← Blog

WebSocket uptime health check monitoring

Your REST API is green in every dashboard, yet chat and live updates are dead. That is a WebSocket false green: HTTP checks prove the web server answers, not that the realtime upgrade and long-lived session work. Fix it with a GET sidecar that maps WS failures to HTTP 503, then point StillOnline at that URL.

Quick answer

HTTP 200 on / or /api/health does not prove WebSocket upgrade (HTTP 101) or live ping/pong works. StillOnline sends HTTP GET only — no native WSS probe. Add GET /health that returns 503 when your WS process or heartbeat stats fail. Free: one URL, five-minute interval, status code only — map WS failure to 503, not 200 with bad JSON.
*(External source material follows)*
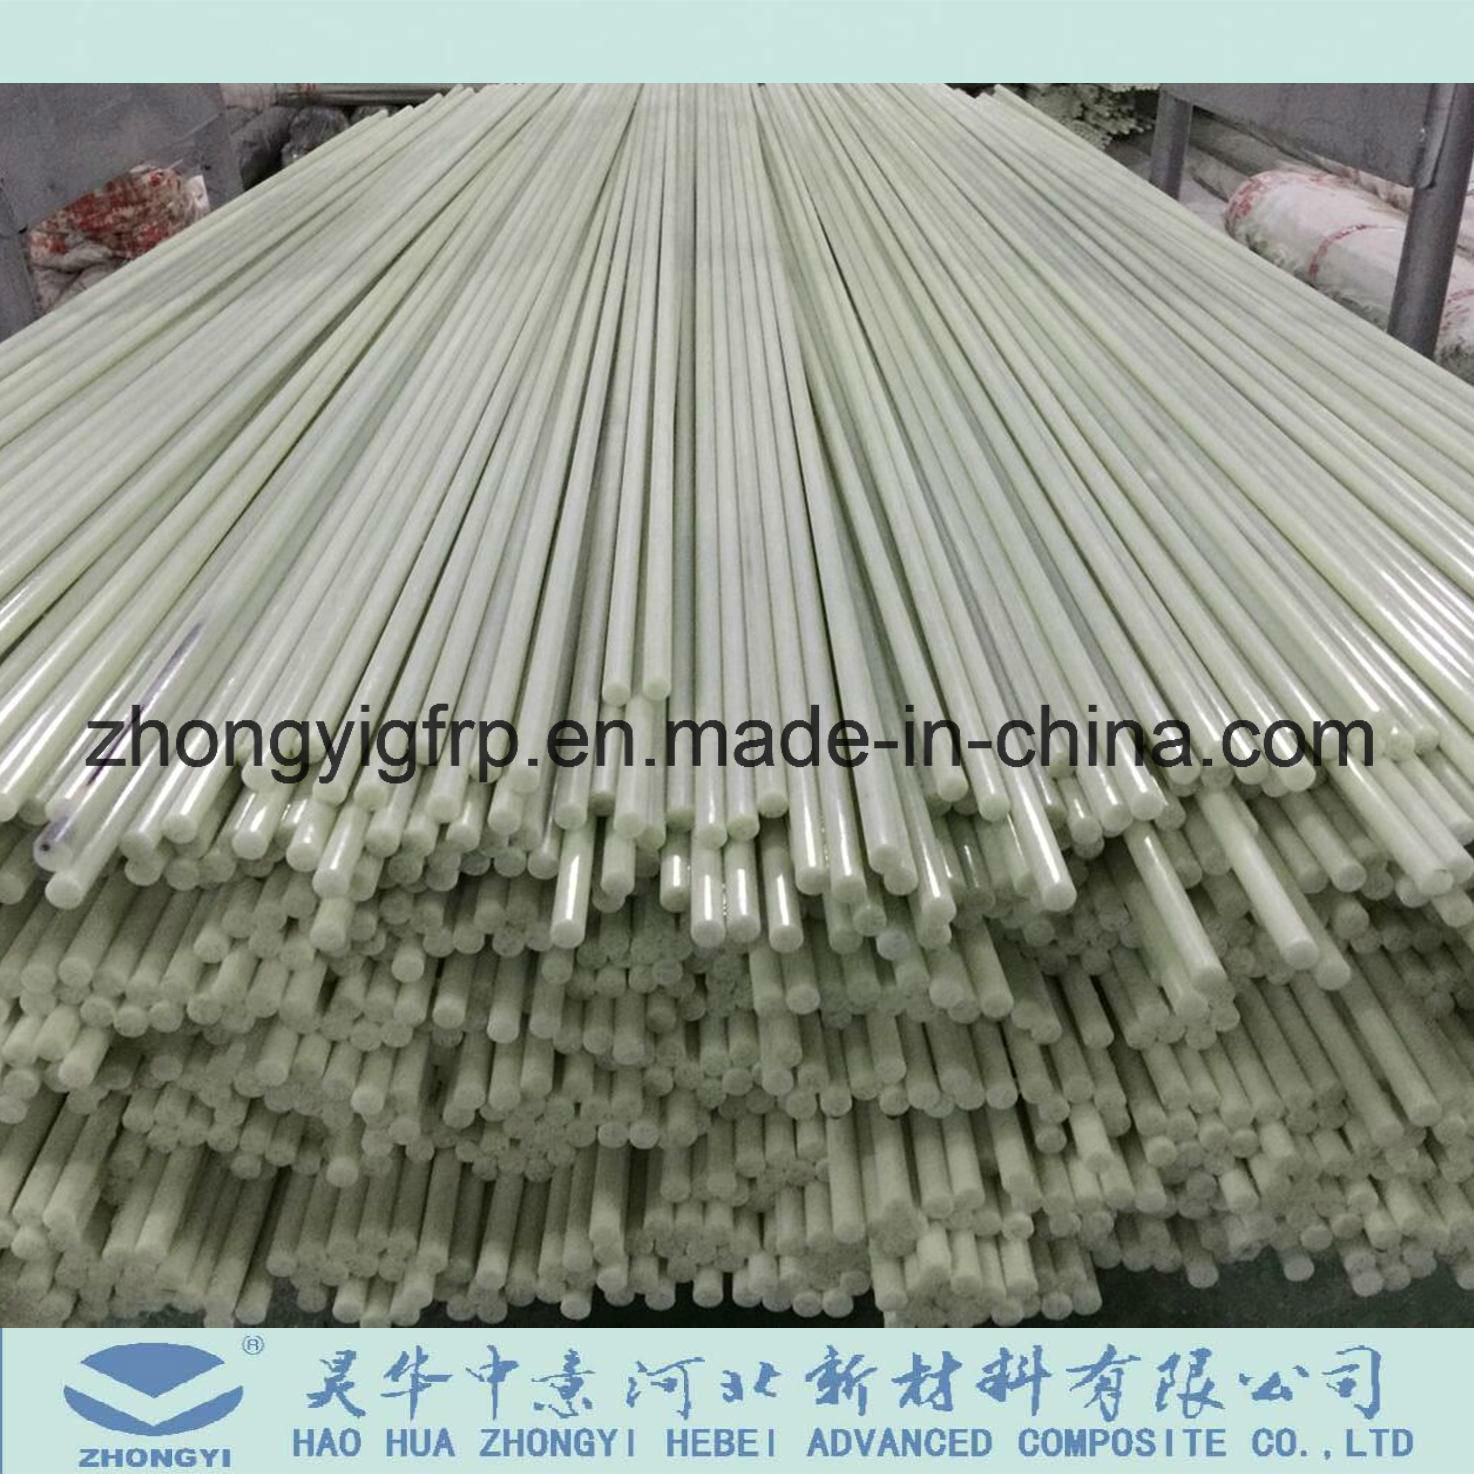 china frp pipe frp tank frp vessel supplier haohua zhongyi hebei advanced composite co ltd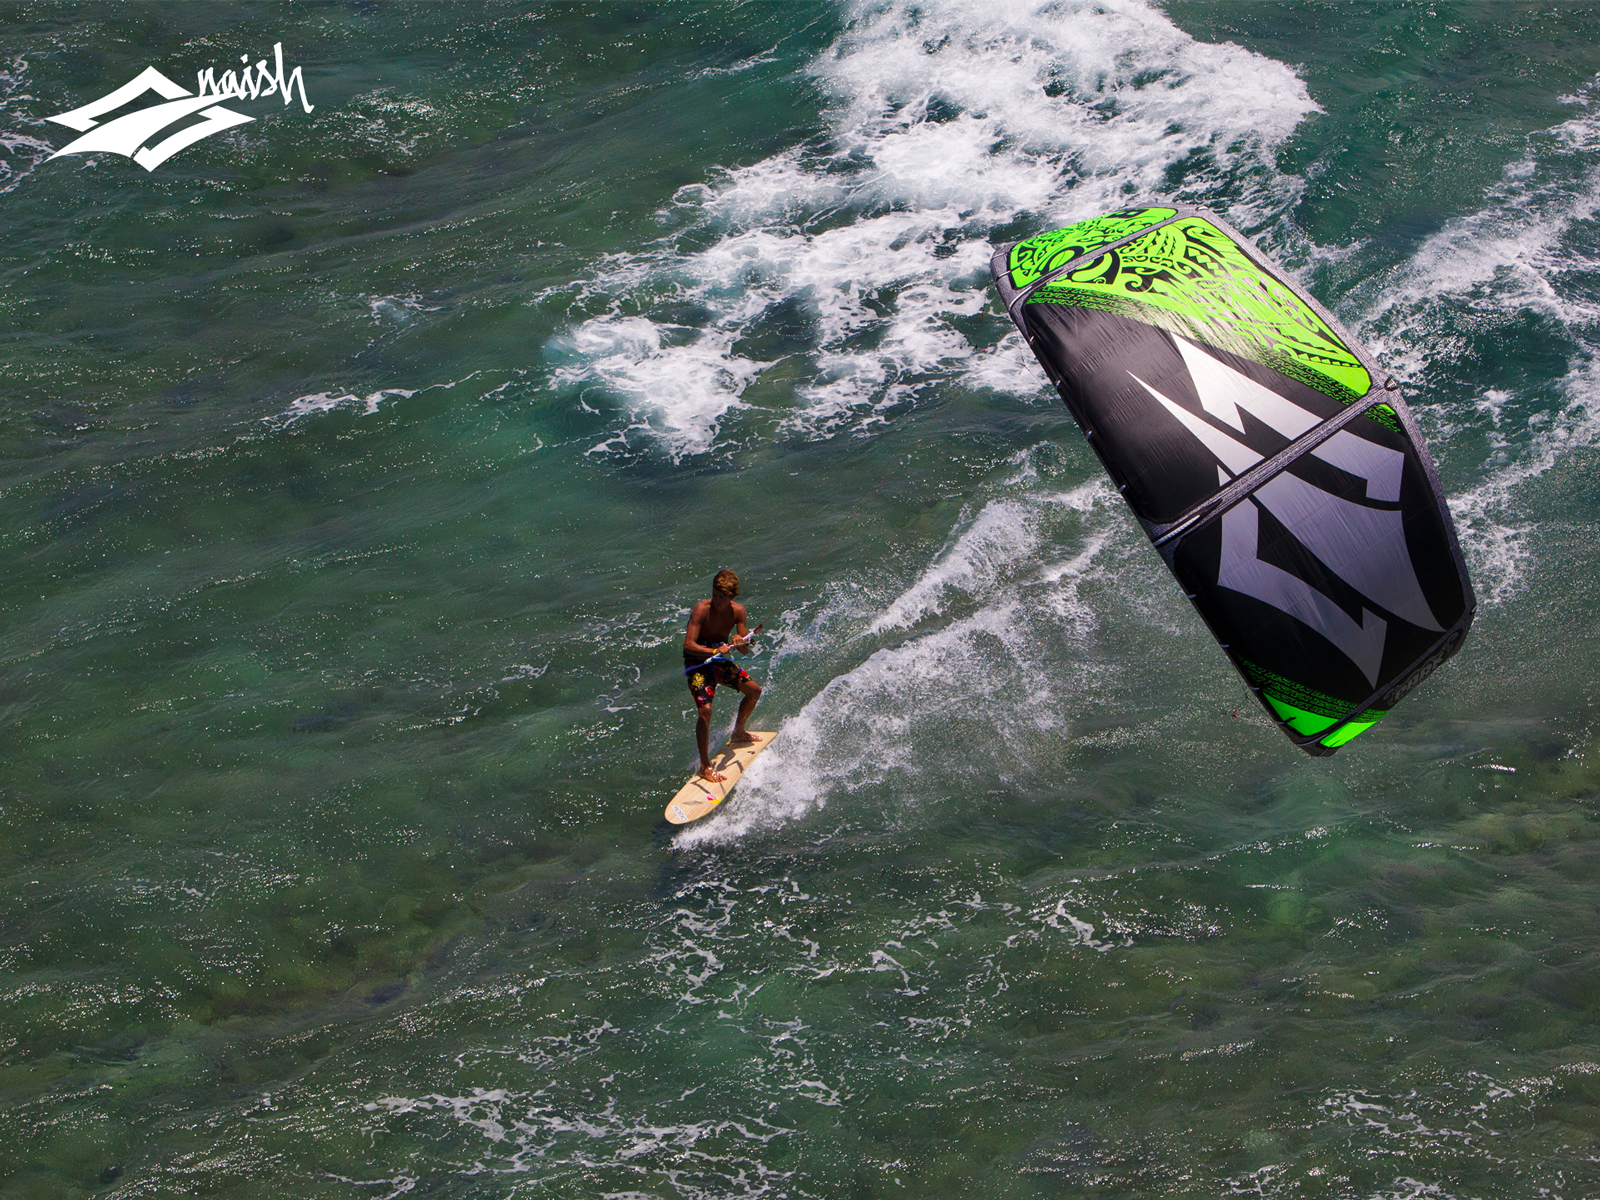 kitesurf wallpaper image - Kai Lenny cruising with the Naish Park kite and Alaia kiteboard off Hawaii - in resolution: Standard 4:3 1600 X 1200

A WebSocket is a long-lived two-way channel — a phone call after a short handshake, not a single HTTP postcard. AWS ALB health checks do not support WebSockets; only HTTP GET on a dedicated path. If you only monitor REST /health or your marketing homepage, you miss nginx stripping Upgrade headers, a crashed WS worker, or an expired WSS certificate.

See health endpoint design for liveness vs readiness and API-only SaaS uptime checks for how StillOnline runs external GET probes end to end.

1. Why HTTP 200 on the same host does not prove WebSocket works

Three layers: L1 transport (port, TLS), L2 handshake (HTTP 101 on /ws), L3 session (ping/pong or app heartbeats). StillOnline via a sidecar covers L1–L2 signals; L3 needs in-app metrics mapped to 503 or a native WSS tool.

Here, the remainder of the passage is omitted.